Egg collection was carried out on normal diet without additional yeast for age synchronization. One hundred to 150 eggs were transferred to a 60 × 15 mm Petri dish to control for population density. Newly hatched first instar larva were collected in 2 h cohorts starting 24 h after egg lay. These newly hatched larvae were then staged to the appropriate time before imaging for body size measurements and dissection. To collect staged L2 and L3 larvae, we collected newly moulted second- and third-larval stages, determined by their anterior spiracle morphology, in 2 h cohorts as in [49]. These larvae were then staged to the desired time before imaging and dissection. To determine the duration from third instar to the white prepupal stage, L3 larvae were observed every 8 h until all larvae pupariated. We defined pupariation as cessation of movement with evaginated spiracles. Animals were raised at a control temperature of 25°C and experimental temperature of 29°C. All experiments were performed in three replicates on a 12 h : 12 h light : dark cycle at 65% humidity.

Image analysis and brain size measurement

Z-stack images were obtained from brain samples using the Leica Sp8 confocal microscope, at 1024 × 1024 pixel resolution every 1 µm with a 40 x water immersion objective, numerical aperture of 1 and zoom of 1. Three-dimensional volume was reconstructed with the Imaris (Bitplane) software. Image normalization was performed to ensure standardized measurements across images with different signal intensities, and three-dimensional analysis of the brain was done by software's in-built wizard. Images were rendered, and brain size measurement was gotten as three-dimensional volumes using the surface analysis tool on Imaris.

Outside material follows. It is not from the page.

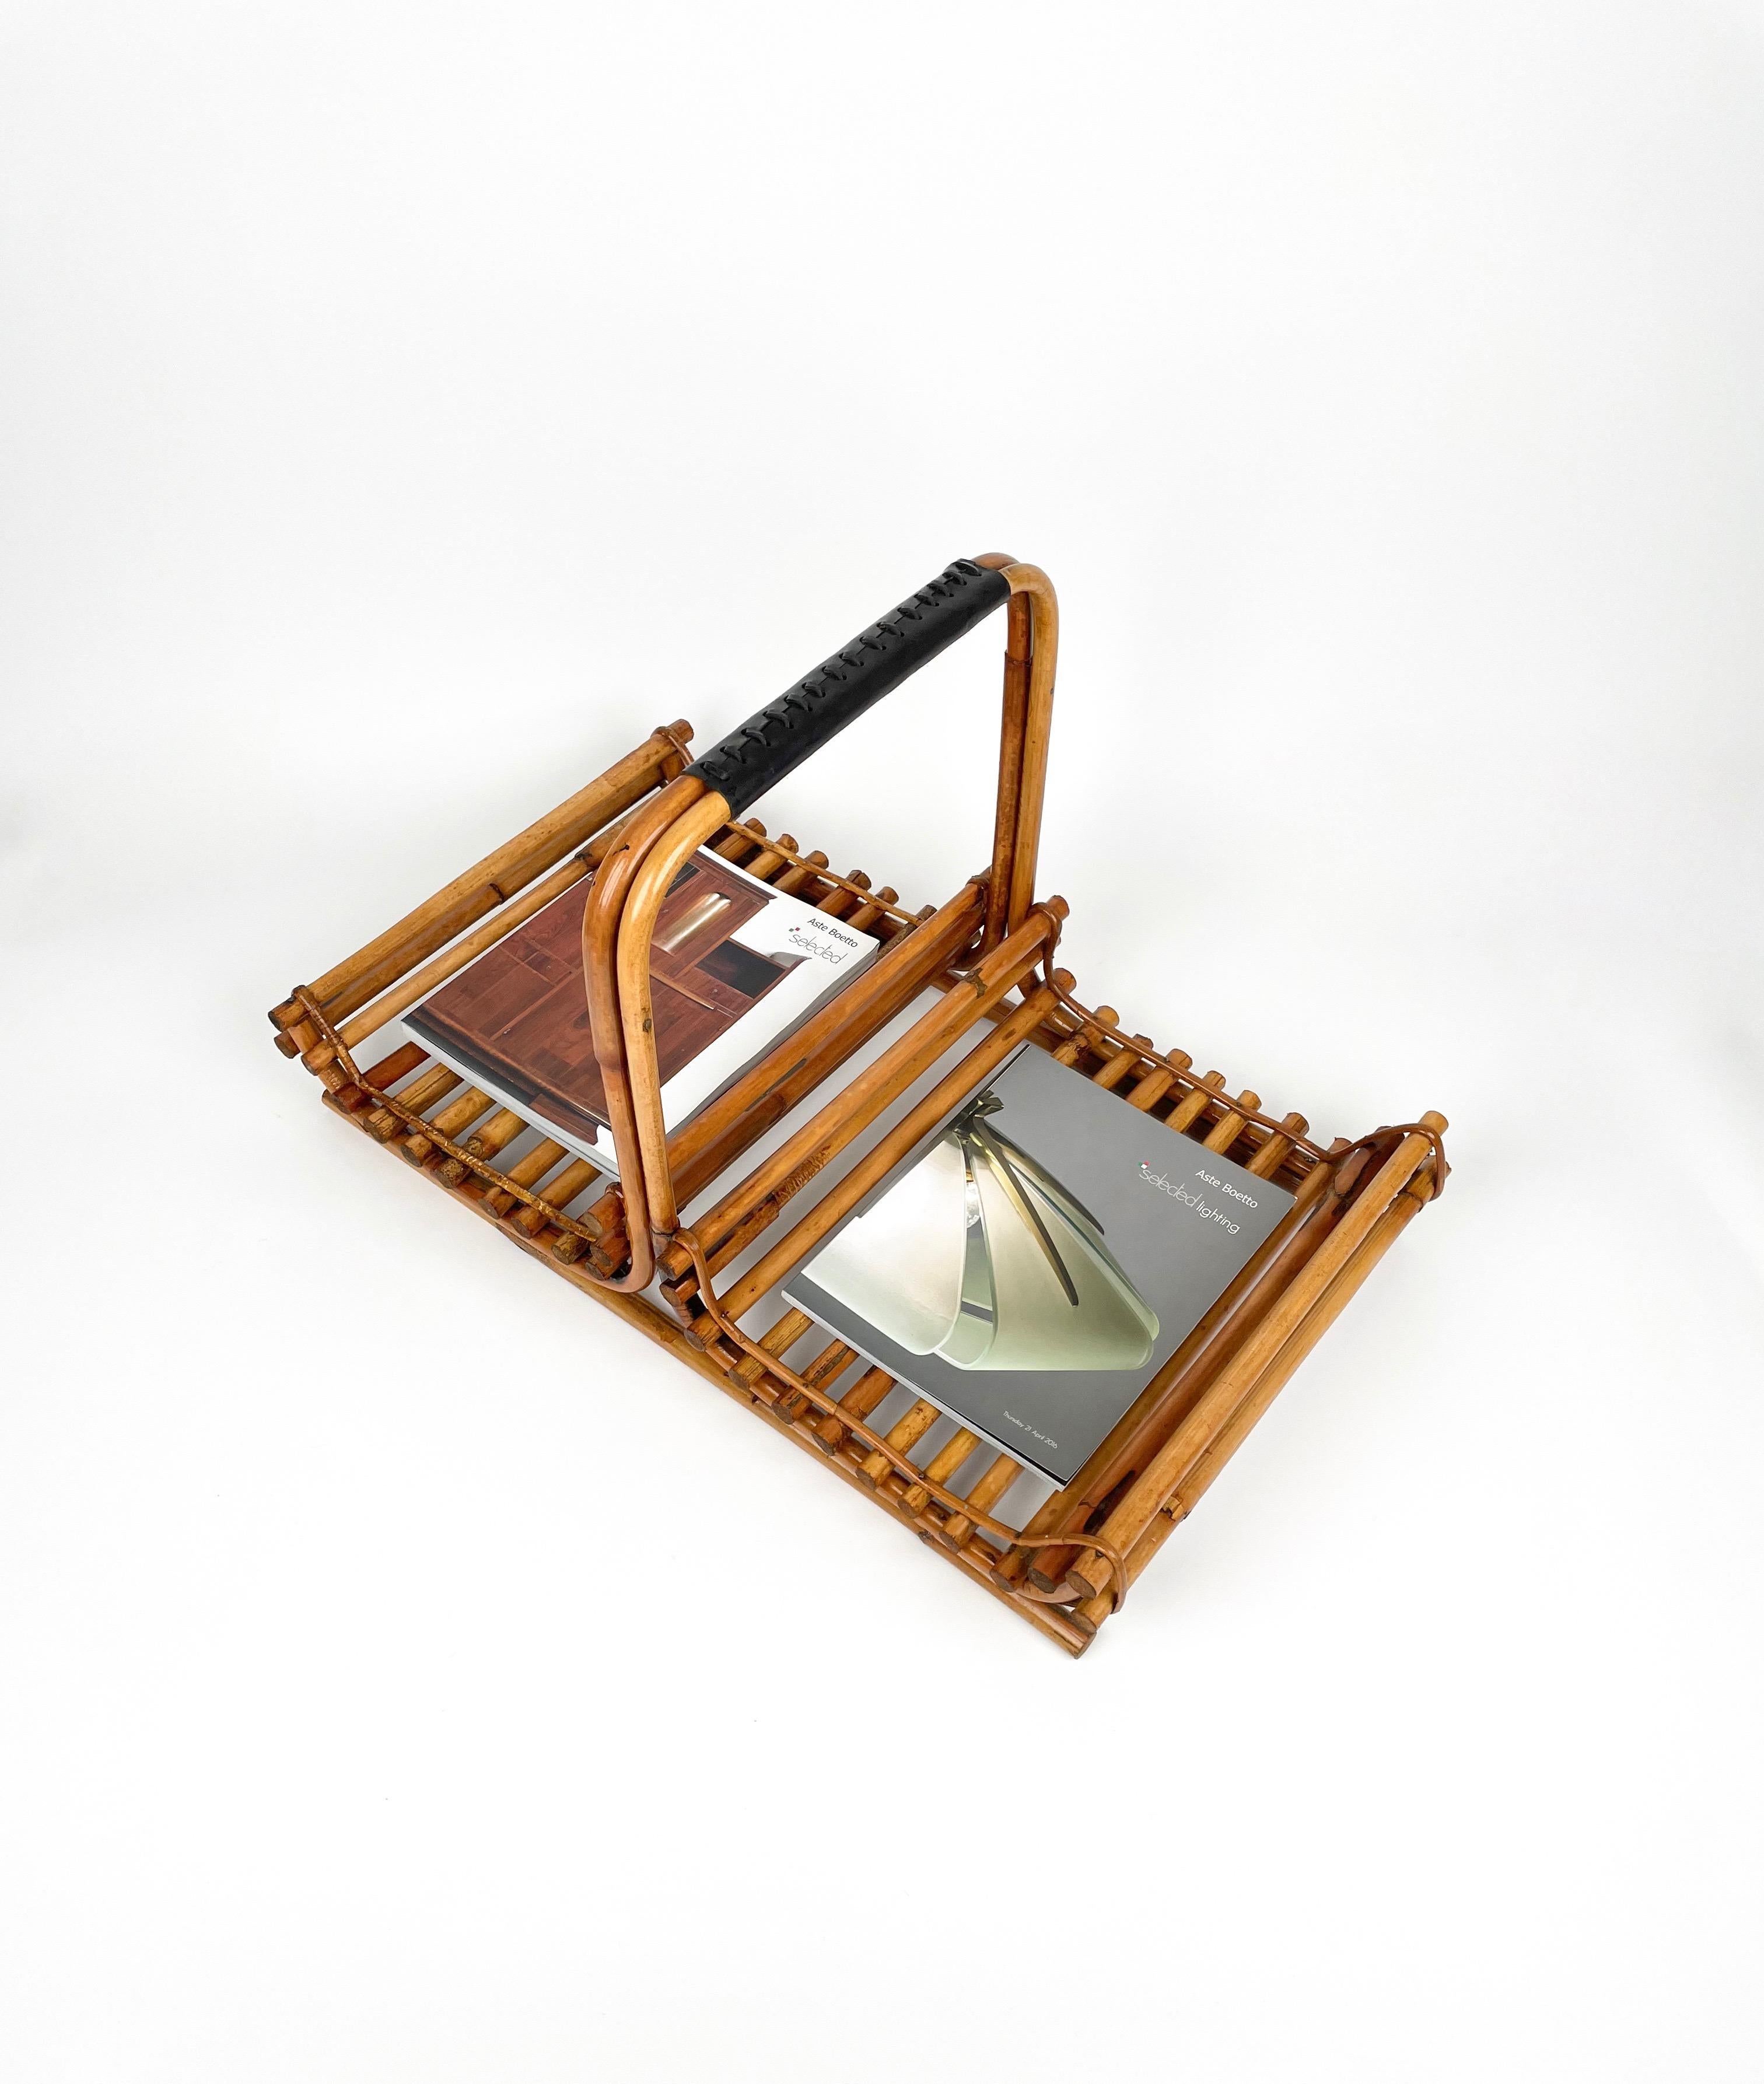 Midcentury Bamboo and Leather Magazine Rack, Italy, 1960s For Sale 4

Body size measurement, organ dissection and immunocytochemistry

Animals picked at the relevant time points were first placed in cold phosphate-buffered saline (PBS) solution, to immobilize them, and then imaged using a Zeiss Stemi 508 dissecting microscope before dissection. These images were analysed using the FIJI (ImageJ, v. 2.0.0-rc-69/1.52i, 2019) software. The length and width of the larva or pupa were measured using the straight-line tool, and volume was calculated using the formula lw (length × width2).

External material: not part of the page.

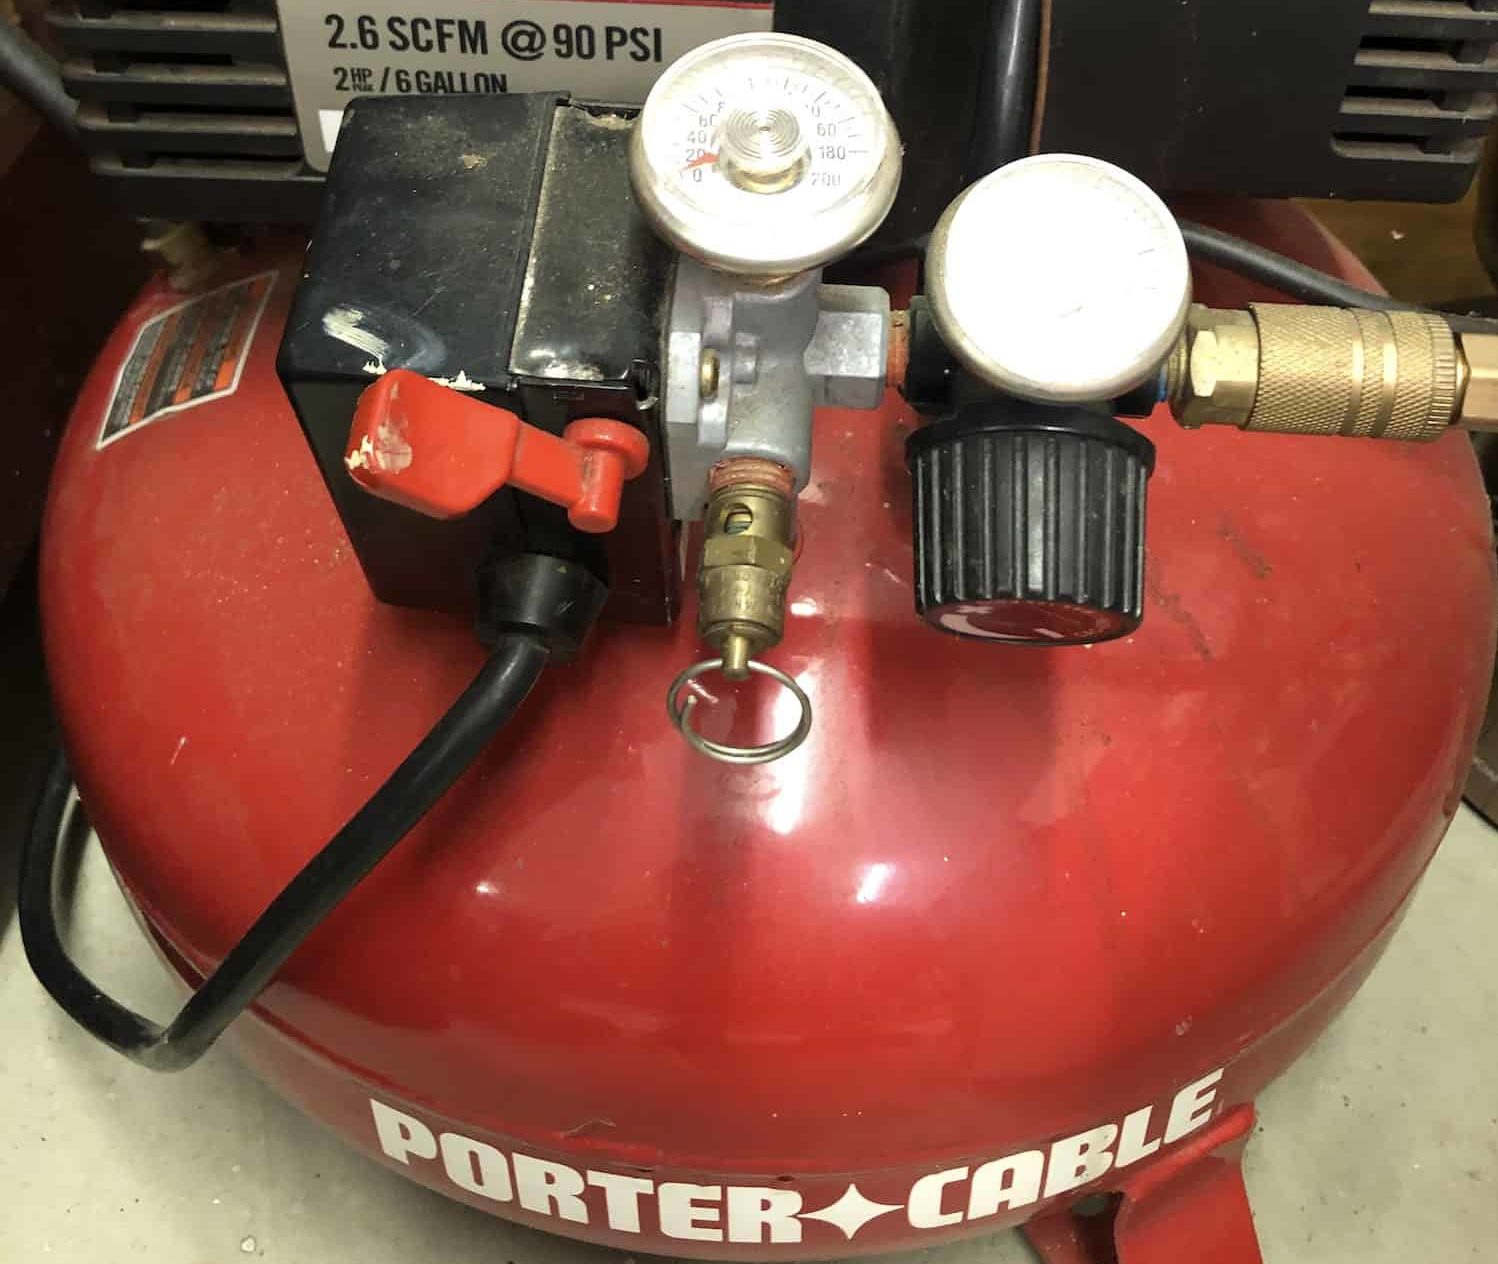 Best Air Compressor For Home Shop

After measuring each larva/pupa, we dissected out their brain in cold 1 x phosphate-buffered saline (1 x PBS) under a Leica S9E dissecting microscope according to methods previously described [60,61]. Isolated brains were fixed overnight in 4% paraformaldehyde at 4°C. After four washes in a solution of cold 0.3% Triton X-100 in PBS (PBT) for 20 min each, samples were incubated in 2% normal donkey serum block solution prior to immunostaining. The blocked tissue samples were then transferred to Acti-stain 670 Phalloidin (1 : 1200, Cytoskeleton cat. no. PHDN1) reagent diluted in PBT and normal donkey serum, and incubated on a rocking platform shaker in the dark for 2–3 days at 4°C. Prior to imaging, samples were rinsed in cold PBS, and PBS was replaced with 25% KY jelly in water solution. Samples were imaged using the Leica SP8 HyD microscope with 40 x water immersion objective.

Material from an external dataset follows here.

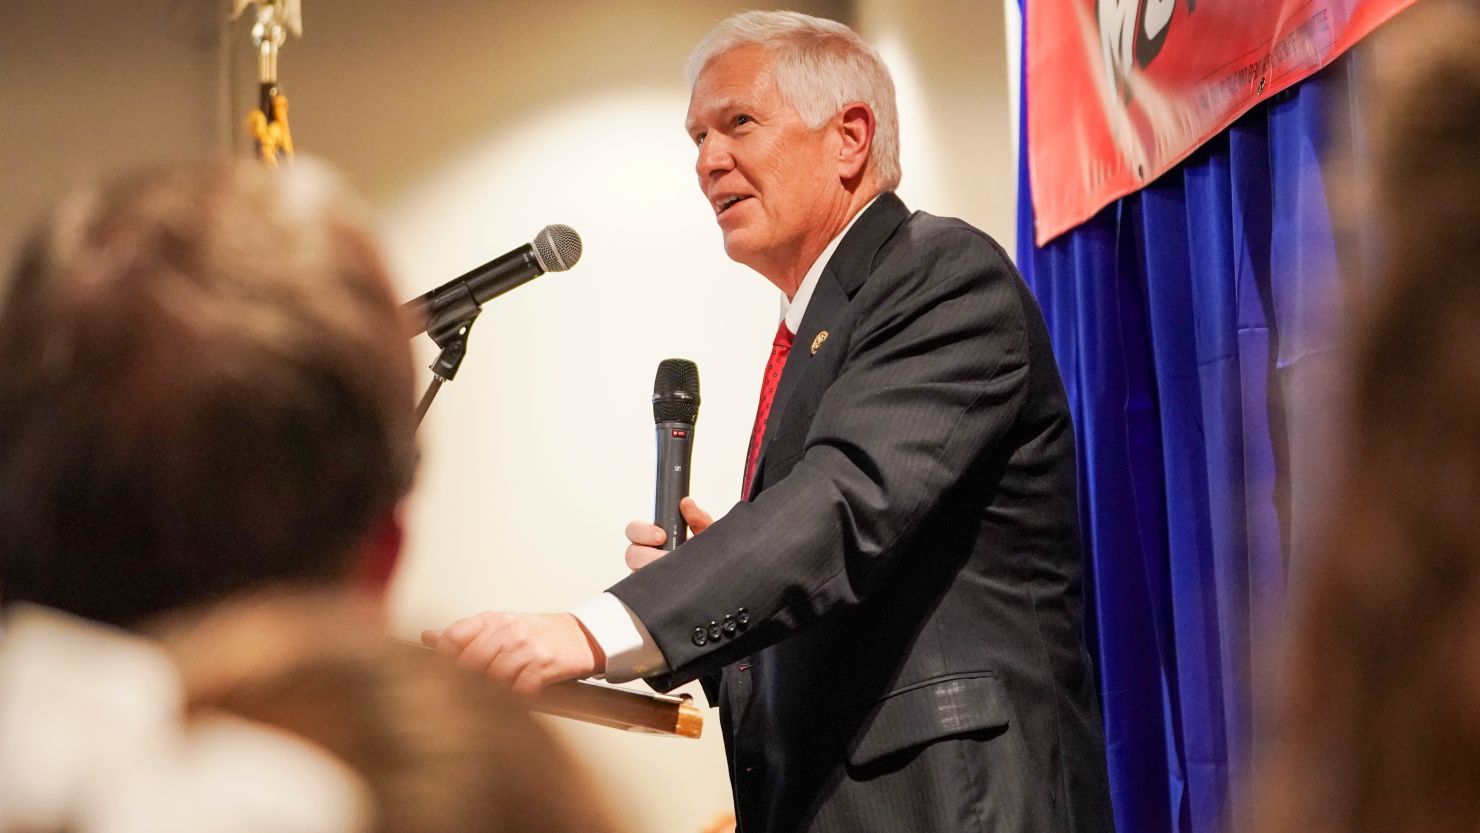 Rep. Mo Brooks makes an announcement in Huntsville, Alabama, on March 22, 2021.

Image processing and statistical analysis

Data analyses were carried out in RStudio (v. 1.2.5019 2009–2019 RStudio). We fitted our body and organ size data with both linear, using the lm function, and nonlinear models, using the nls package [62]. We used AIC and BIC to assess model fit, selecting the simplest models when these values were similar. Data visualization was conducted using the ggplot package [63] in RStudio (v. 1.2.5019 2009–2019 RStudio).